Na primeira entrevista concedida à imprensa desde que foi preso em Curitiba, há pouco mais de um ano, o ex-presidente Luiz Inácio Lula da Silva (PT) afirmou que o país está sendo governado por um “bando de malucos” e convocou a elite brasileira a fazer uma "autocrítica" sobre o resultado das eleições.
Depois de uma batalha judicial que chegou ao Supremo Tribunal Federal (STF), os jornais Folha de S. Paulo e El País tiveram autorização para entrevistar o ex-presidente em uma sala na sede da Polícia Federal, em Curitiba, na manhã desta sexta-feira.
De acordo com informações da Folha de S. Paulo, as equipes de jornalistas tiveram duas horas e dez minutos para conversar com o petista, a uma distância de quatro metros – justificada como uma norma de segurança padrão.
Em relação ao governo do presidente Jair Bolsonaro, Lula afirmou que "ou ele constrói um partido sólido, ou não perdura". E convocou a elite brasileira a uma autocrítica após a eleição do presidente.
"Vamos fazer uma autocrítica geral nesse país. O que não pode é esse país estar governado por esse bando de maluco que governa o país. O país não merece isso e sobretudo o povo não merece isso", afirmou.
Lula comentou ainda as denúncias de ligação de pessoas da família Bolsonaro com milicianos no Rio de Janeiro. “Imagine se os milicianos do Bolsonaro fossem amigos da minha família?", questionou, referindo-se ao fato de o filho do presidente, Flávio Bolsonaro, ter empregado familiares de um miliciano foragido da Justiça em seu gabinete quando era deputado estadual pelo Rio.
'Conje'
Questionado sobre a possibilidade de ficar preso ainda por vários anos, Lula afirmou que “não tem problema” e completou que dorme com a “consciência tranquila”, ao contrário do Deltran Dallagnol (procurador do Ministério Público, um dos coordenadores da Lava-Jato) e do ex-juiz Sérgio Moro (atualmente ministro da Justiça).
Lula contou ainda que, ao ter a prisão decretada pelo Tribunal Regional Federal da 4ª Região (TRF-4), logo após a condenação em segunda instância, houve quem defendeu que ele fugisse do país ou se abrigasse em alguma embaixada. Mas ele decidiu se entregar, depois de passar horas na sede do Sindicato dos Metalúrgicos, no ABC Paulista.

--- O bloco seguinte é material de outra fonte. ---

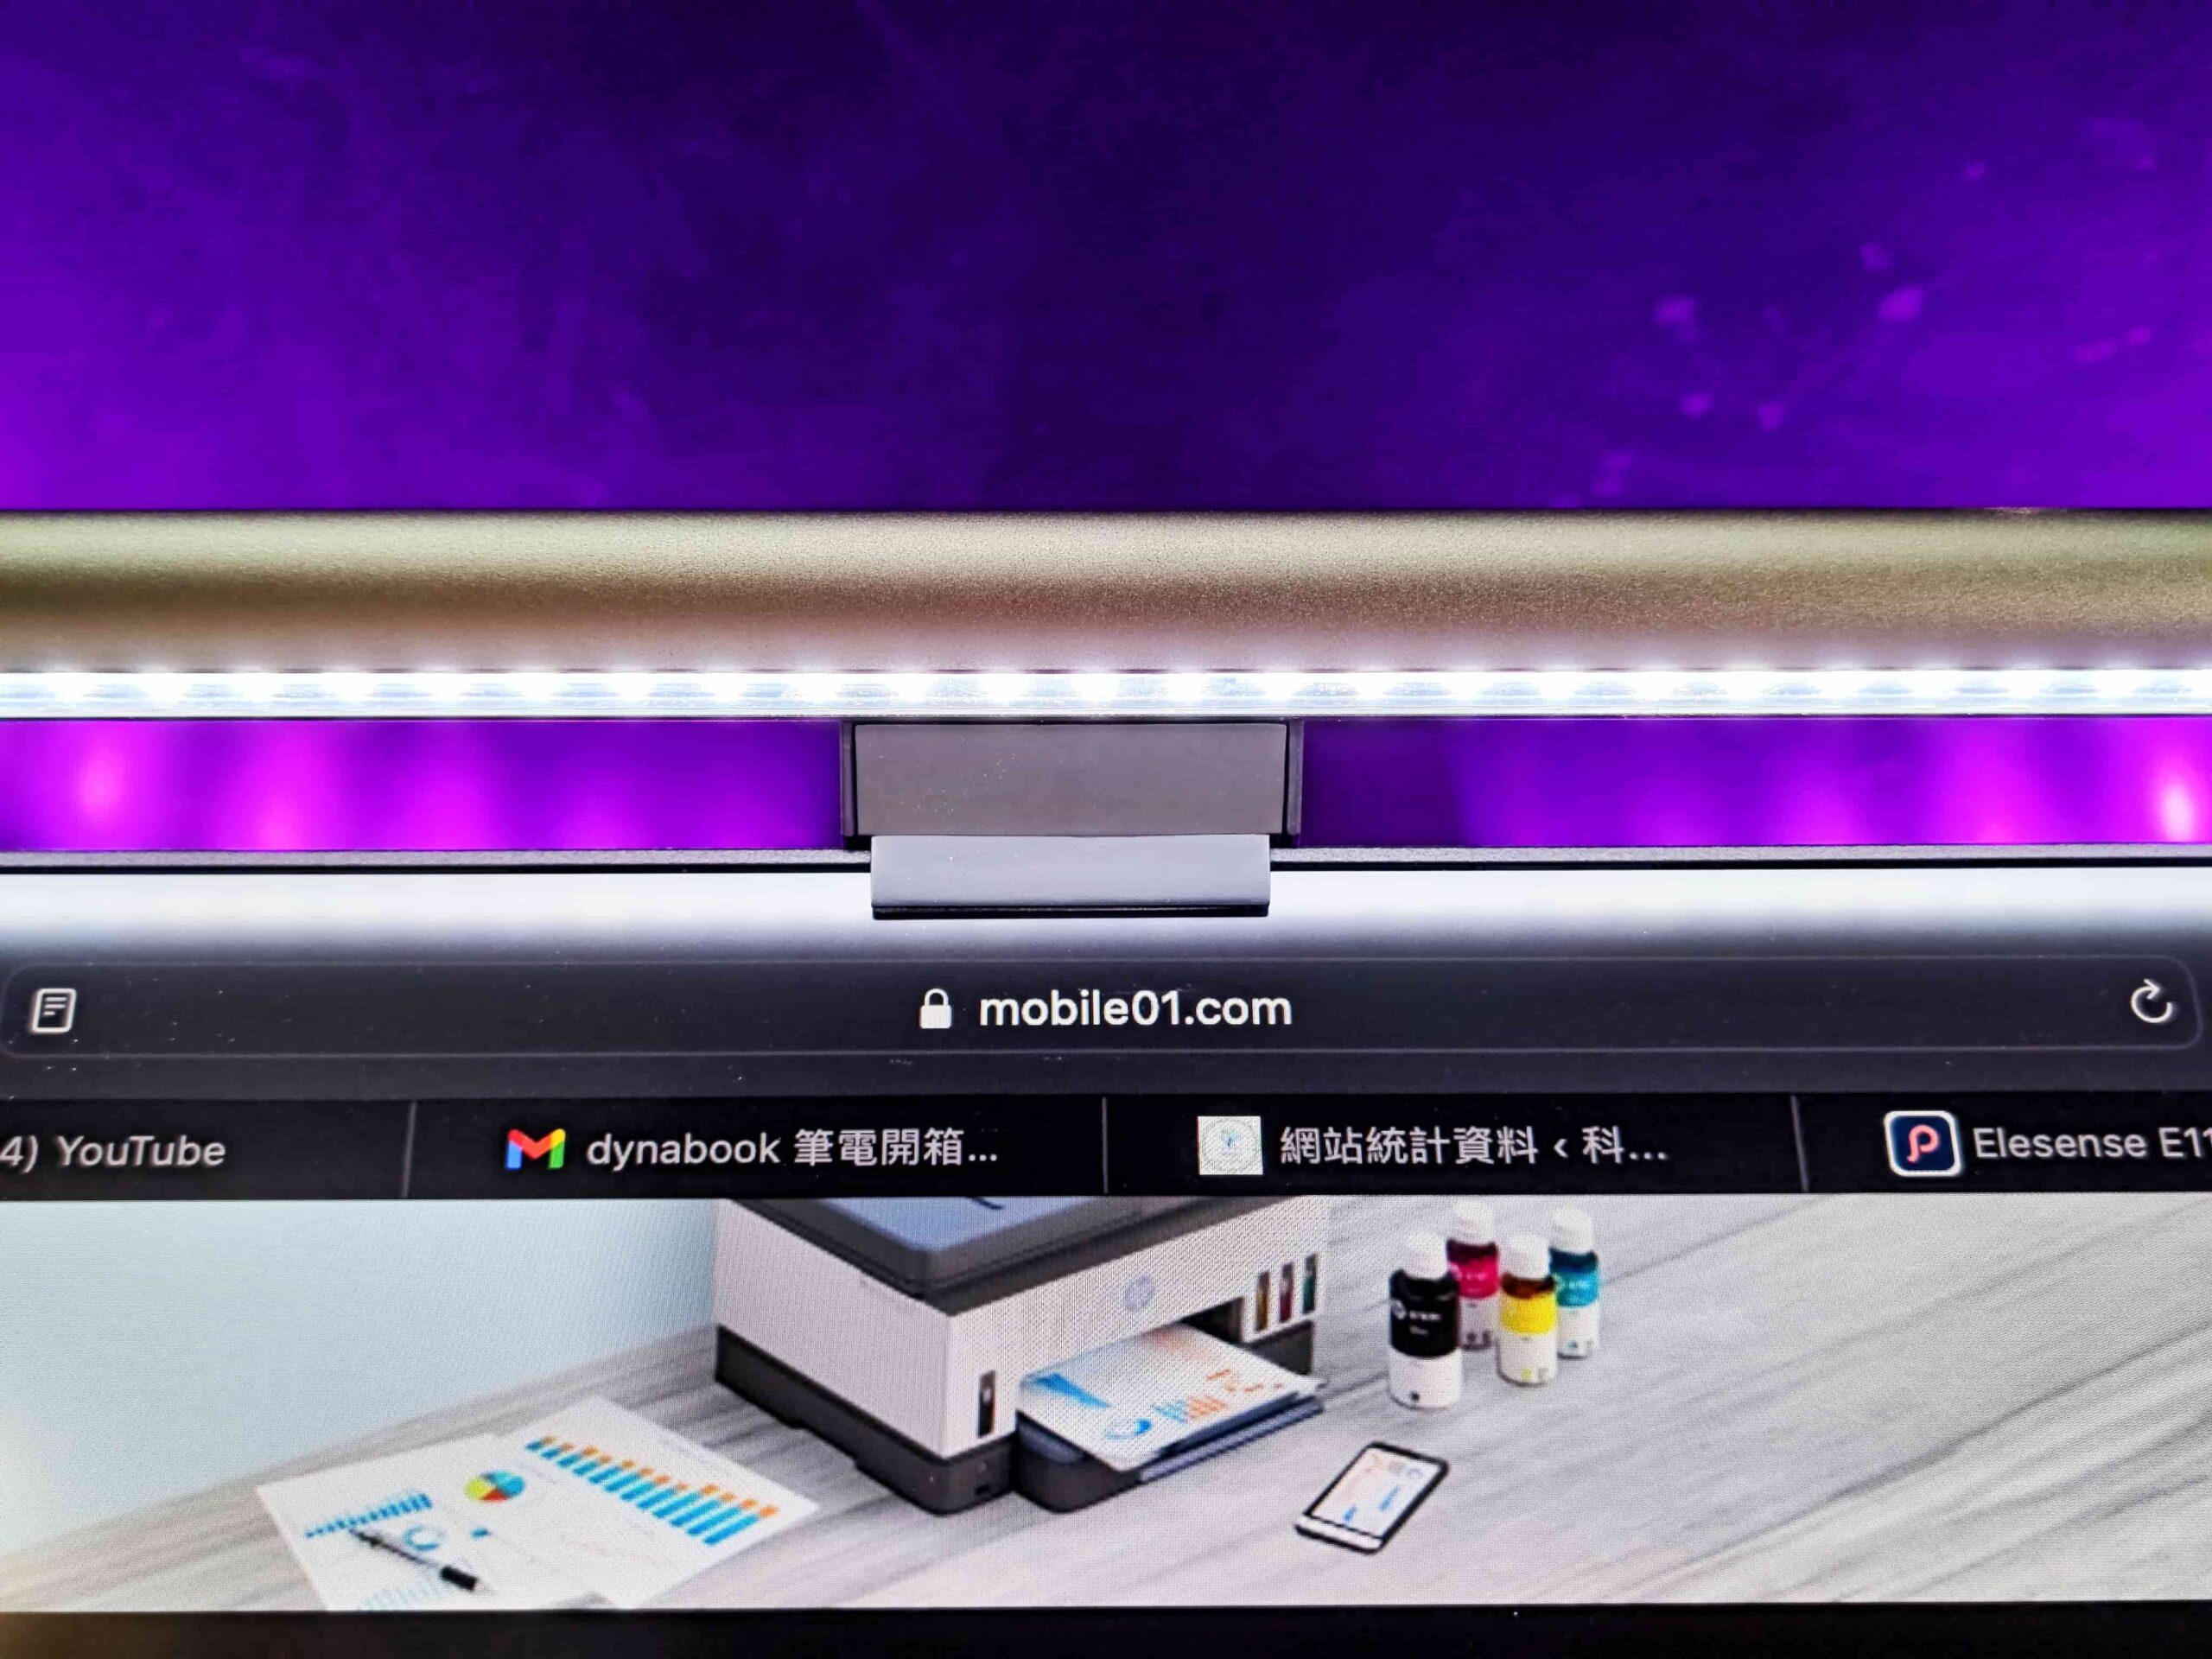 Elesense Uni-Light 智慧電腦螢幕掛燈開箱 – 雙色溫提升亮度、無線切換超方便

“Eu tenho tanta obsessão de desmascarar o Moro, demascarar o Dellagnol e a sua turma, e desmascarar aqueles que me condenaram, que eu ficarei preso 100 anos, mas eu não trocarei minha liberdade pela minha dignidade. Eu quero provar a farsa montada aqui”, afirmou.
O ex-presidente disse ainda que não guarda “mágoa” ou “ódio” de quem o condenou, até porque espera viver até os 120 anos para provar sua “inocência” e a “farsa” montada pelo Ministério Público e Judiciário. “Na minha idade, quando a gente fica com ódio, a gente morre antes”.
Sobre o magistrado que o condenou a 12 anos e um mês de prisão no caso do Triplex do Guarujá, Lula não poupou ironias. "Sempre riram de mim porque eu falava 'menas'. Agora, o Moro falar 'conje' é uma vergonha", afirmou. Ele referia-se a participação de Moro em uma audiência pública na Câmara dos Deputados, em que pronunciou incorretamente a palavra “cônjuge” por duas vezes.
Militares
Em relação aos militares, disse que quer conversar para saber o por que do “ódio ao PT”, pois seu governo teria recuperado o orçamento das Forças Armadas.
Ao comentar sobre a morte do neto, Pedro Arthur, aos sete anos, há pouco mais de um mês, Lula chorou. "Eu às vezes penso que seria tão mais fácil que ele tivesse morrido. Eu já vivi 73 anos, poderia morrer e deixar o meu neto viver".
Nesse momento, segundo o jornal, o ex-presidente aproveitou para a agradecer o comportamento do vice-presidente, Hamilton Mourão, no episódio. O vice defendeu que a Justiça autorizasse a ida de Lula ao velório, ao contrário de Eduardo Bolsonaro, filho do presidente, que usou o Twitter para dizer que o petista queria se “vitimar” com a morte do neto.
A união dos partidos de esquerda, defendida desde as articulações para a campanha eleitoral do ano passado, também foi tema da entrevista.
Lula disse ainda que não ficou chateado com as declarações do senador Cid Gomes (PSB-CE), irmão de Ciro Gomes, que durante um encontro do PT chamou um filiado de “babaca” e lembrou que Lula está preso. “Isso é uma verdade. Só não precisava chamar os outros de babaca", disse, rindo.